Halo substructure is likewise missing from the semi-analytic model presented above. In simulations of soliton mergers, the resulting halos have turbulent outer regions, with fluctuations on scales comparable to the core size, as illustrated in Figure 1. In addition to the fluctuations inherent in a large ULDM halo, smaller halos are likely to orbit or interact with larger halos. This substructure is not captured by the semi-analytic model described above, and predictions for tracer velocity profiles may thus not match those of realistic astrophysical objects. Furthermore, temporal fluctuations in the core density are also missing from the semi-analytic model. Realistic halo cores are not exact soliton solutions of the Schrödinger–Poisson equation, they interact non-trivially with the fluctuating NFW-like outer halo, and their central densities can vary with time by as much as a factor of two (Veltmaat et al. Reference Veltmaat, Niemeyer and Schwabe2018).

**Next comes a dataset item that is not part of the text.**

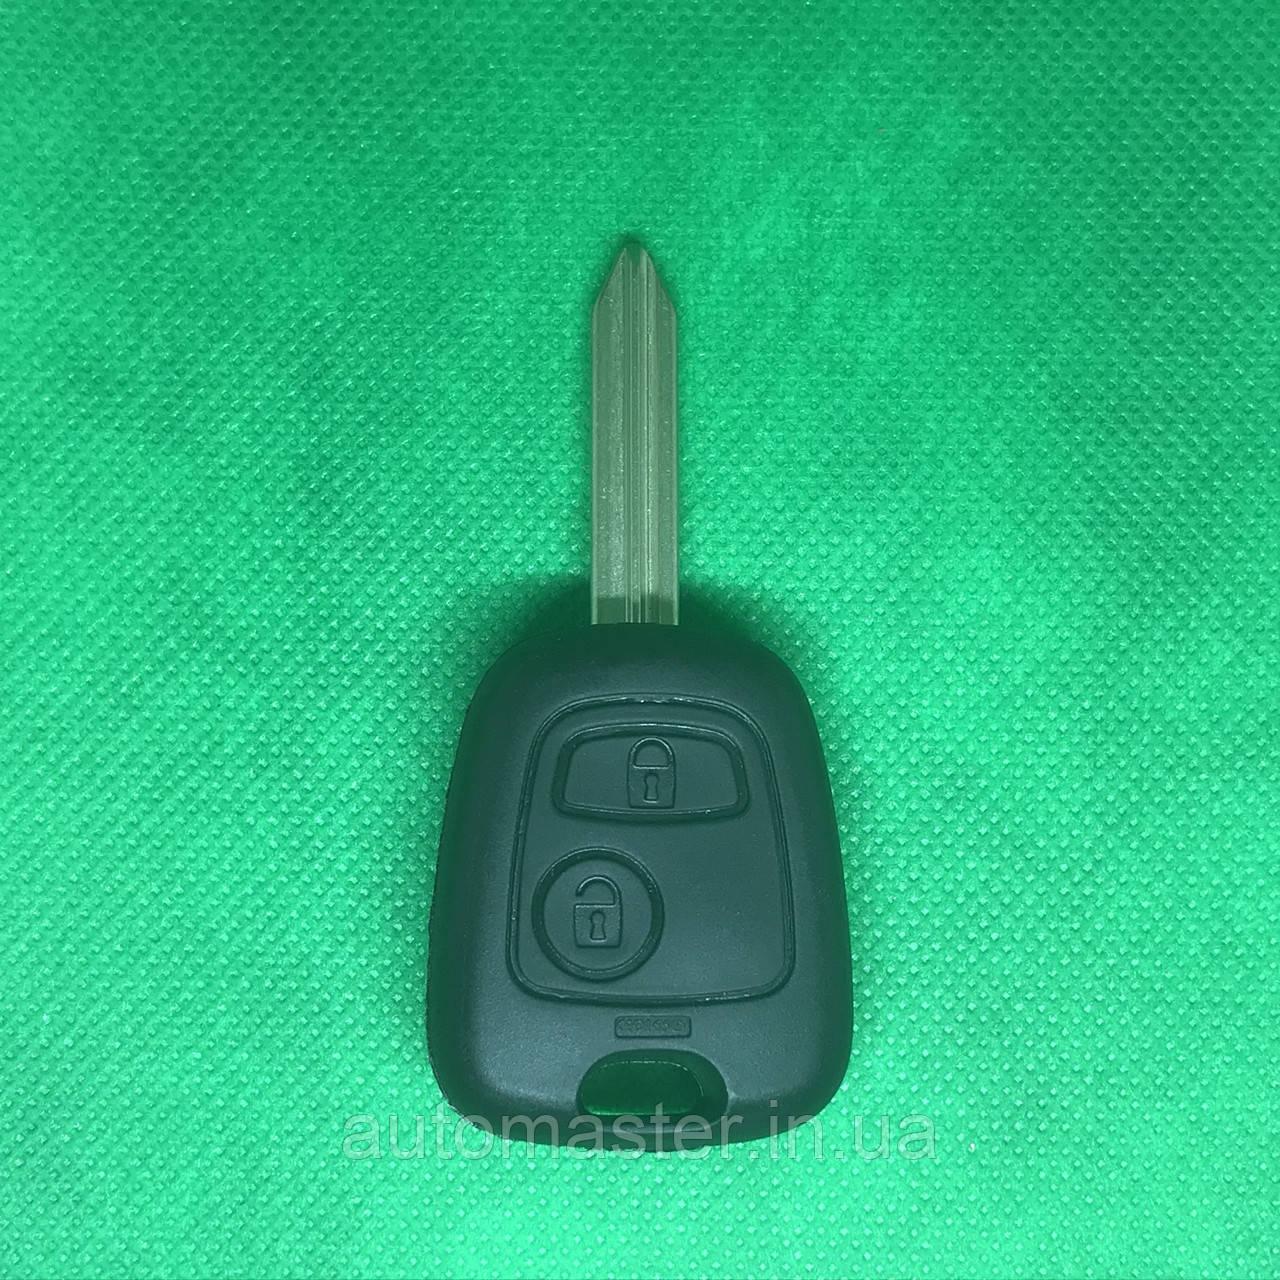 Ключ  Ситроен  Citroen   2 кнопки, с чипом ID46 433 Mhz, лезвие SX9

Figure 1. Illustration of the scale of the fluctuations present in the incoherent outer halo for a merger of eight randomly located solitons. The contour plot represents the ( $\text{log}_{10}$ scaled) local density across a slice through the centre of the final halo. In this plot, distance is not log-scaled, and we see that the spatial size of the fluctuations is of the same order of magnitude as the solitonic core itself.

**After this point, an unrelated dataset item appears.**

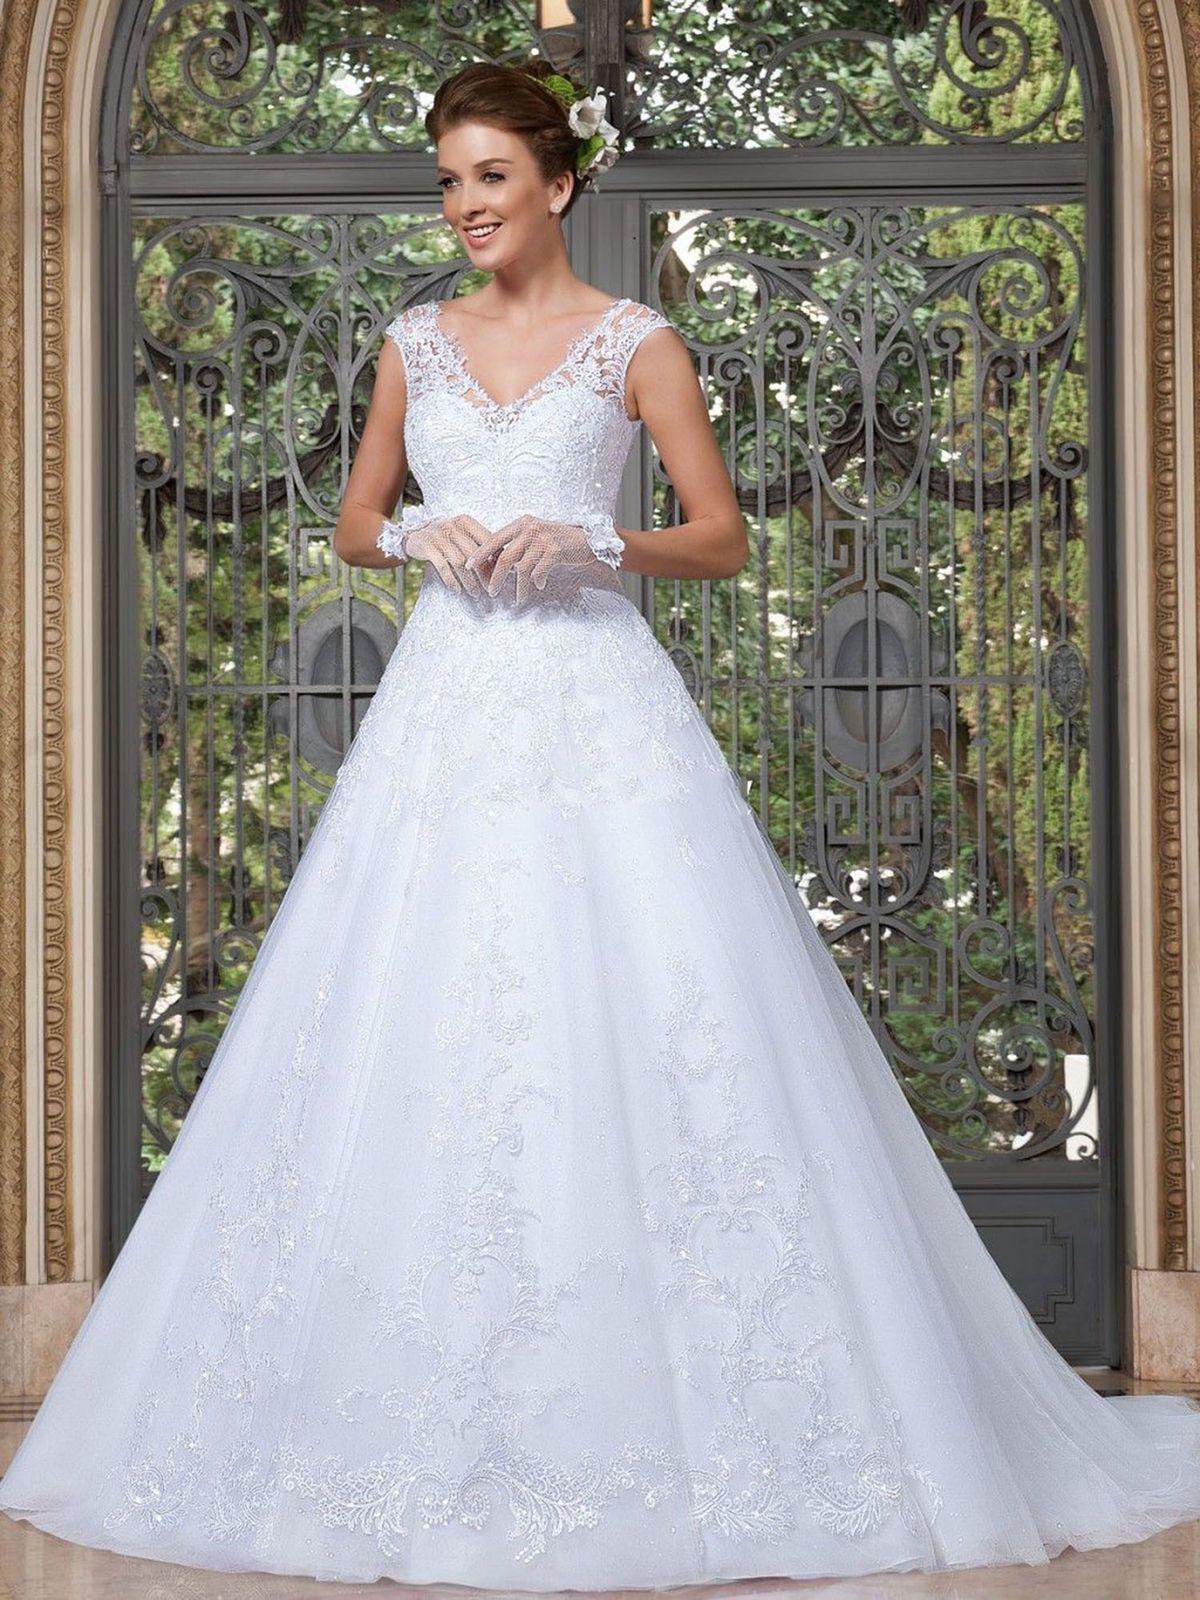 Nice amazing new white ivory wedding dress bridal gown custom size

Figure 2. Density profiles as a function of radius (normalised to the virial radius) for ULDM and NFW halos of masses $10^{11}{M}_{\odot}$ (top) and $10^{12}{M}_{\odot}$ (bottom). The left panel represents the results for ${m_{22}} = 0.8$ , while the right panel corresponds to ${m_{22}}=2.5$ . The transition radius is fixed at $r_{\alpha} = 3.5*r_c$ . The blue shaded region represents the ULDM profile with ${M}_c = {M}_{\mathrm{cp}} \pm 50 \% {M}_{\text{cp}}$ , while the solid blue line represents the ULDM profile when the theoretical core–halo mass relation is taken to be exact. The red shaded region represents the range of NFW profiles for a halo of the same virial mass with a 2 $\sigma$ variation around the median (solid red line).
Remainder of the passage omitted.